Quant à la conception du “héros négatif” et à quelques traits de l’illustration visuelle de cette figure dans la propagande communiste en Albanie, le critique de l’art Abaz Hado dit: Certainement, parallèlement au héros positif a été inventé aussi son antipode,, le héros

négatif. Ce personnage, souvent l’ennemi de classe ou celui qui porte des idées révisionnistes

et qui empêche le progrès du socialisme, est conçu comme un ennemi qui entrave le développement. Il est souvent l’objet d’attaques, non simplement dans la fable de la propagande, mais dans la vie réelle aussi. Dans ce cas, il paraît que le socialisme crée une règle pour montrer que si vous êtes comme ce personnage négatif, vous subissez le même sort. « Vous méritez un tel sort! » - telle est la moralisation sociale destinée au héros négatif. A mon avis l’existence du héros négatif était une nécessité vitale pour l’époque socialiste. Cet exemple-là c’est l’exemple négatif, donc, vous devez tourner le regard vers notre héros aux vertus sublimes, vers le “héros positif”. Telle est la morale de la fable50.

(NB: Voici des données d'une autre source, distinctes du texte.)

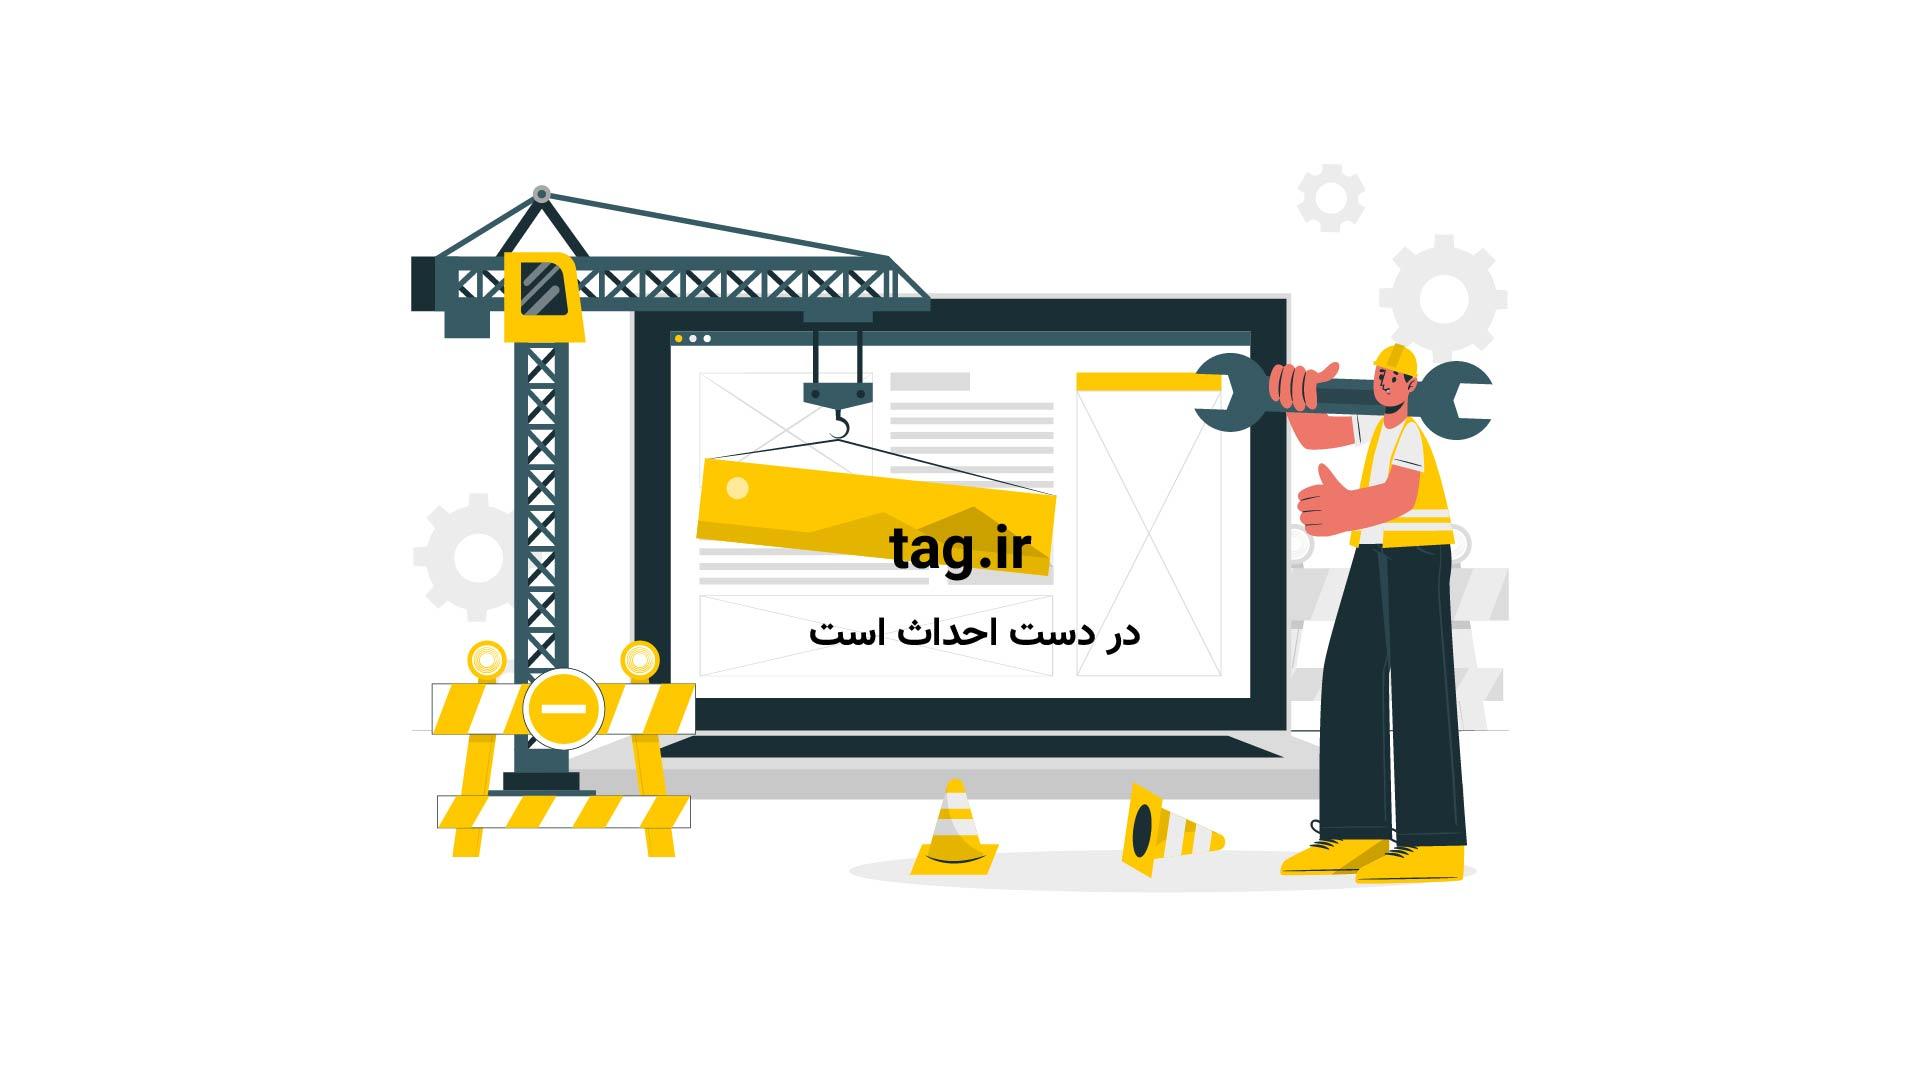 تغییرات چهره اوباما از ابتدا تا انتهای ریاست جمهوری آمریکا | فیلم

2.1.3 – L’évolution des années 1990

Une propagande totalement communiste, appuyée essentiellement sur “la parole comme moyen de propagande” et fortement illustrée par l’image respective, requise par le système de propagande, tel était l’héritage au début des années 90 sur le plan de

la communication politique. Entre-temps il faut dire que la communication politique à travers l’organisation de base du Parti, ou plus précisément à travers son organisation verticale que le régime avait, de fond en comble, dans chaque cellule de la société, s’affaiblit graduellement. Cette catégorie de propagande communiste, ce système de persuasion en faveur du régime à travers la “communication capillaire » des structures“ se désintègre. Il devient inacceptable par les codes culturels des larges masses et à la fin des années 80, avec une certaine libéralisation autorisée d’en haut et du régime lui-même, nous avons une sorte d’adoucissement de la sévérité du régime par rapport à cinq ans auparavant. Dans le système de la propagande nous avons une espèce de séparation par rapport aux pratiques dogmatiques de la propagande précédente. L’on commence à projeter certains films, présenter quelques oeuvres artistiques visuelles, quelques chroniques télévisées qui présentent une vie plus naturelle, reflétant un certain adoucissement par rapport aux principes rigides de la propagande communiste. Certaines critiques et une espèce de désacralisation du héros sont également tolérées.

Les événements se précipitent rapidement en 1990 dans toute l’Europe de l’Est et, à la fin de décembre 1990, le régime communiste se libéralise, il autorise la création du premier parti de l’opposition et quelques mois plus tard , le 31 mars 1991, nous avons la première campagne électorale pluraliste et les premières élections libres. Le changement est si grand, “une révolution démocratique” a eu lieu et au début des années 90, en fonction de la communication politique ou de la propagande politique, nous nous retrouvons dans un espace vide parce que comme avec un coup de crayon l’on voit tomber toute la symbolique sémantique de l’image. Ce qui reste c’est la parole. La scène s’appauvrit sur le plan de l’image, car le temps de la vérité est venu, le temps des grands débats au sein de la société, de la famille, dans les rues, à chaque bordure des rues, dans des meetings, où les gens commencent à dire la vérité.